I figured this had to be an early one, judging by the fact that one of its early owners really whaled on the top of the cutter, to the point that it's all swaged over. I'll make it flat again, but I guess the adjustment mechanism on these is pretty fussy, and too complicated for the average worker to mess with. At least it was intact!


----------



## 33706 (Mar 5, 2008)

Gotta say, that beaver-tail provides a great place to rest the side of your fist on, and it looks like it will be possible to press down on the plane with your body weight for terrific pressure against the lumber. Anxious now to fire it up and make shavings!

*What color should I paint the hardware?*


----------



## bandit571 (Jan 20, 2011)

As Mick Jagger would say…."Paint it Black…"

What is going on the walnut as a finish? Going for a dark side of the FOREce??


----------



## donwilwol (May 16, 2011)

I've always wanted to find a special color for some plane rehabs, but I always wind up painting them black.

I once seen a Marcou rehab that he painted green. It just didn't do it for me.

I really like the walnut/maple mix. That's going to be a sharp looker. Leave the metal black as to not distract from the wood.


----------



## bandit571 (Jan 20, 2011)

There is always RED









But then one would have to use WHITE oak, and BLUEd steel bolts…..


----------



## 33706 (Mar 5, 2008)

Today I'm off to the only remaining old-timey hardware store in town, in search of brass fasteners. I've got the original brass barrel-nut for the tote, and found a right sized brass screw for the forward tote fastener. I'm dreaming of genuine 'oval head' brass screws for the front knob (I'm going to turn one so it matches the new tote) and the three screws that hold down the mousetrap. Wish me luck on that!
*Bandit:* Red is cool, but that 'Titian Red' really knocks me out! Hmmm. a future iron plane project color….
Thanks to all for the great responses!


----------



## bandit571 (Jan 20, 2011)

Progress report??

Careful with the BLO, it tends to go dark on some woods…...


----------



## 33706 (Mar 5, 2008)

Thanks for thinking of me and the #135 project, Bandit!
I've decided to turn a new maple front knob to replace the original, based on what Don said. There's plenty of maple scraps left to test on. I've got Behlen's tung oil mixture, but indeed I intend to keep the maple light and darken the walnut.
Probably I'd consider clear shellac, these days all I have is amber on hand. Maybe a mineral oil wipe, too. I'm just not sure, but when the time comes to finish, I'll pull out some rippins saved from the build and see what happens.
Oh, and I did find brass screws, but they are flat-head instead of 'oval-head'. Worse yet, they are square drive, not slotted. They can always be changed later!
I'll get the lathe going.. probably tonite!


----------



## mochoa (Oct 9, 2009)

Looking sweet!


----------



## 33706 (Mar 5, 2008)

Thanks, Mauricio!
Progress will be slow for a while, but a bit here, a bit there, and she'll be good to go.


----------



## 33706 (Mar 5, 2008)

Latest pics:




































Ooops no pics of the front knob under construction, but I laminated a bit of walnut under the maple blank to create a bit of pedestal. The cutter is in tough shape, but some more grinding and honing will eventually get to the money shot. That's just one coat of Behlen's tung oil mix, by the way. *Thanks for all the kind comments, and for following along*!!


----------



## bandit571 (Jan 20, 2011)

I think I had a longer version last year, until it went to Hawaii.

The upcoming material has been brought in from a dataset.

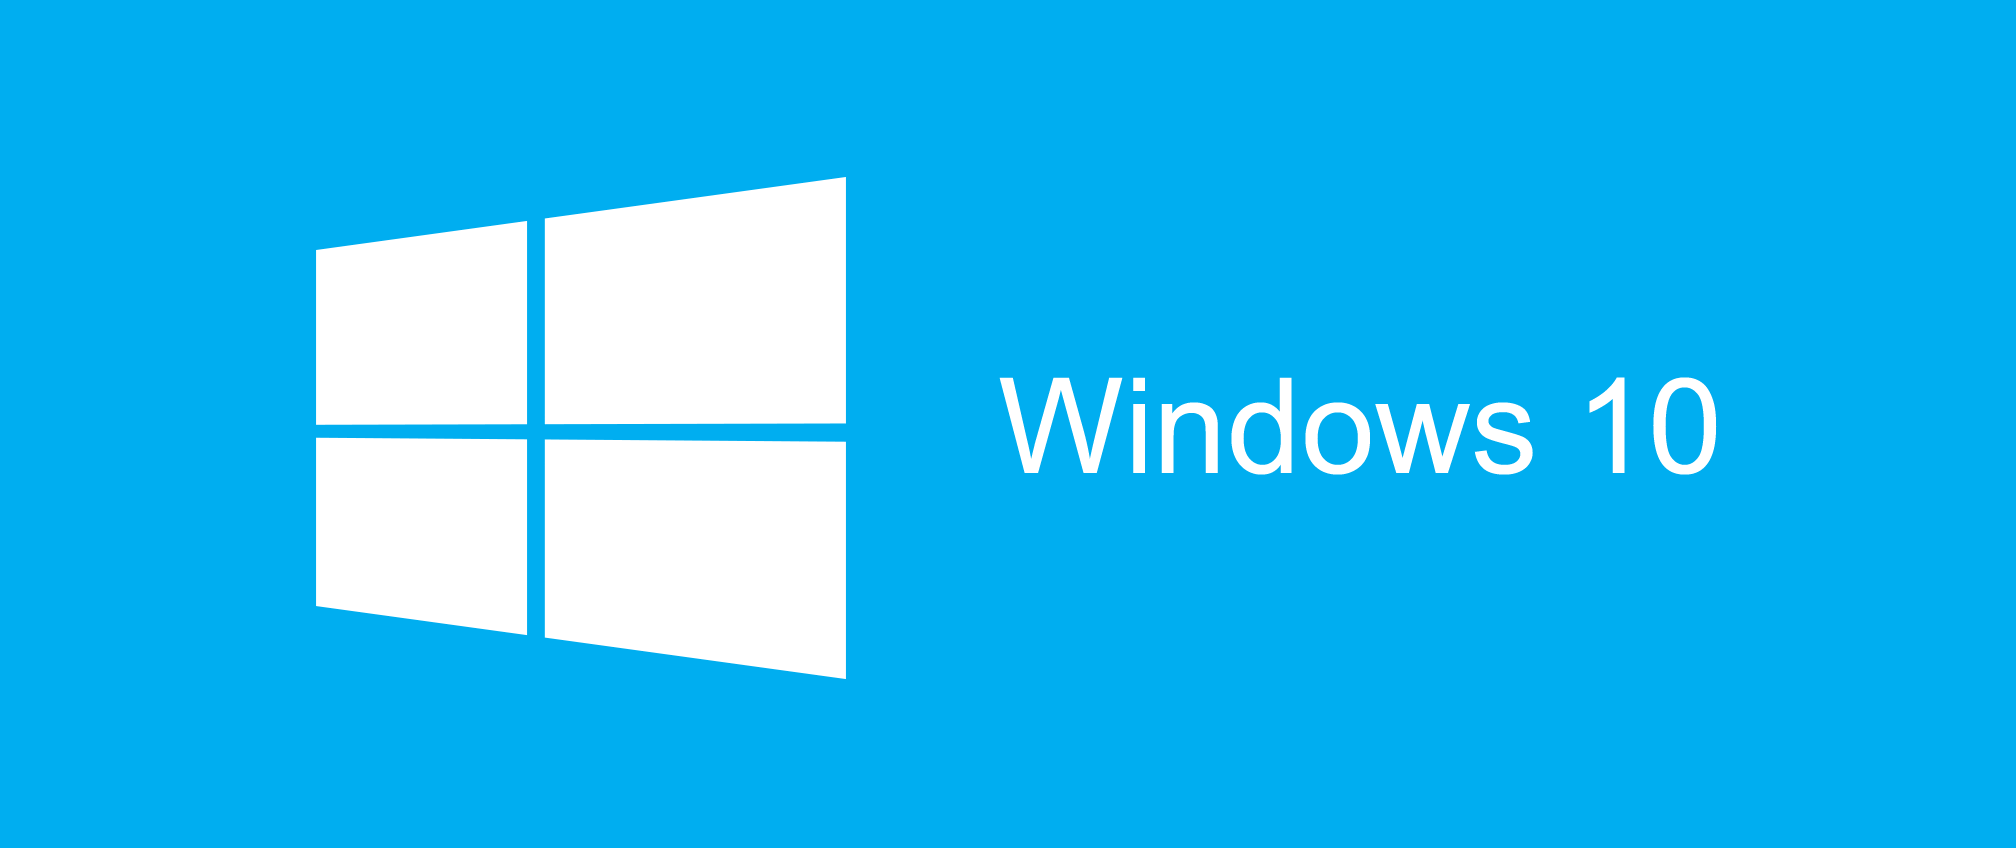 Ska Windows 10 lanseras i slutet av juli?
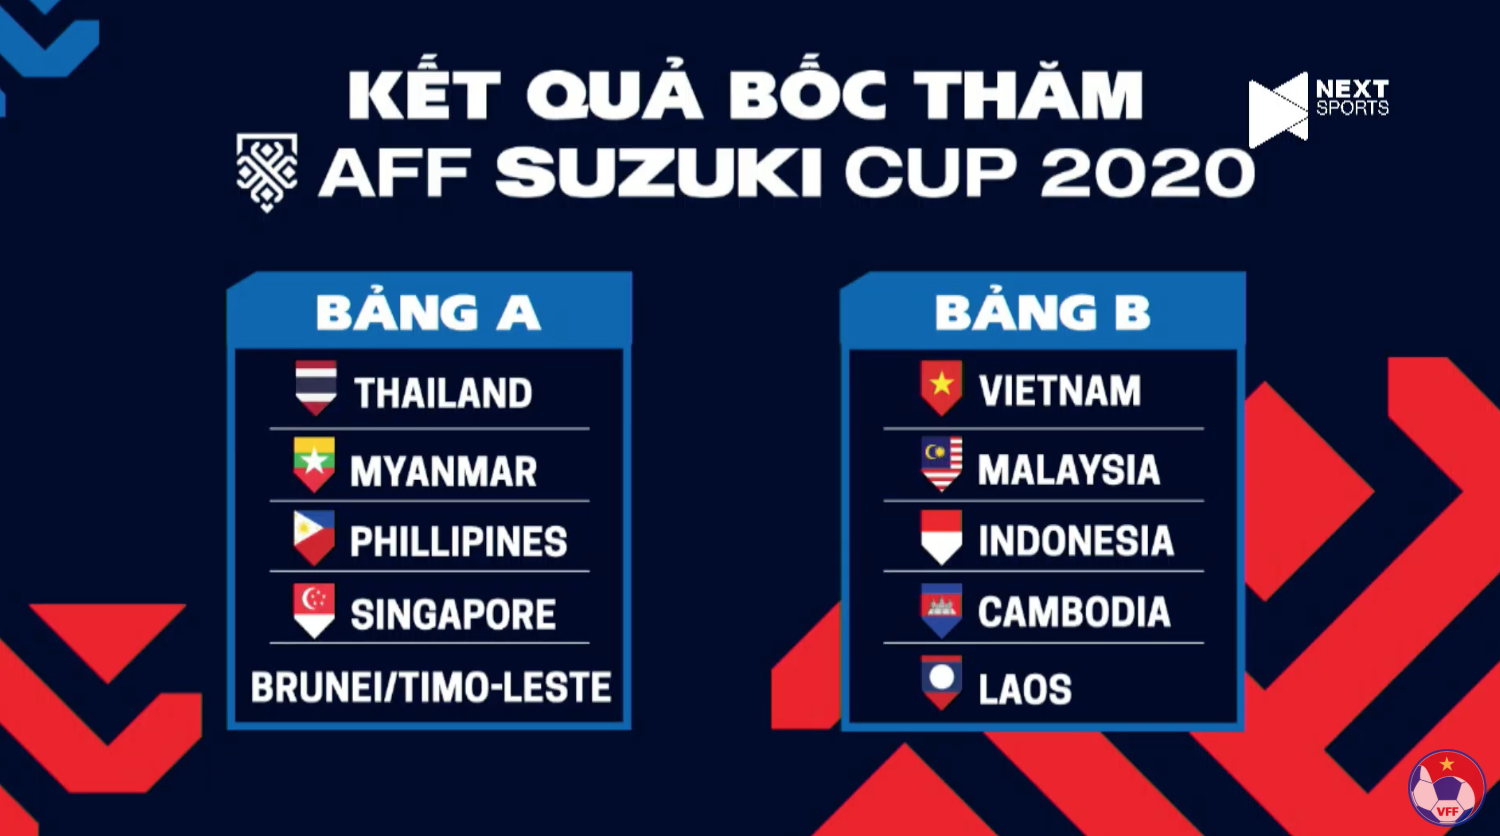 Kết quả bốc thăm AFF Suzuki Cup 2020: ĐT Việt Nam vào bảng đấu dễ thở

A Stanley #33, after a refurb. Bought it at a yard sale for a $1.









Added some new handles…


----------



## 33706 (Mar 5, 2008)

Fantastic, Bandit!! I did a re-store on one of those recently, and bumped the length to 34 1/2 inches… just becuz..
They're great planes, and I think the Transitionals in general are going to come into their own sooner or later.


----------



## donwilwol (May 16, 2011)

Man that #135 looks Sweet!!


----------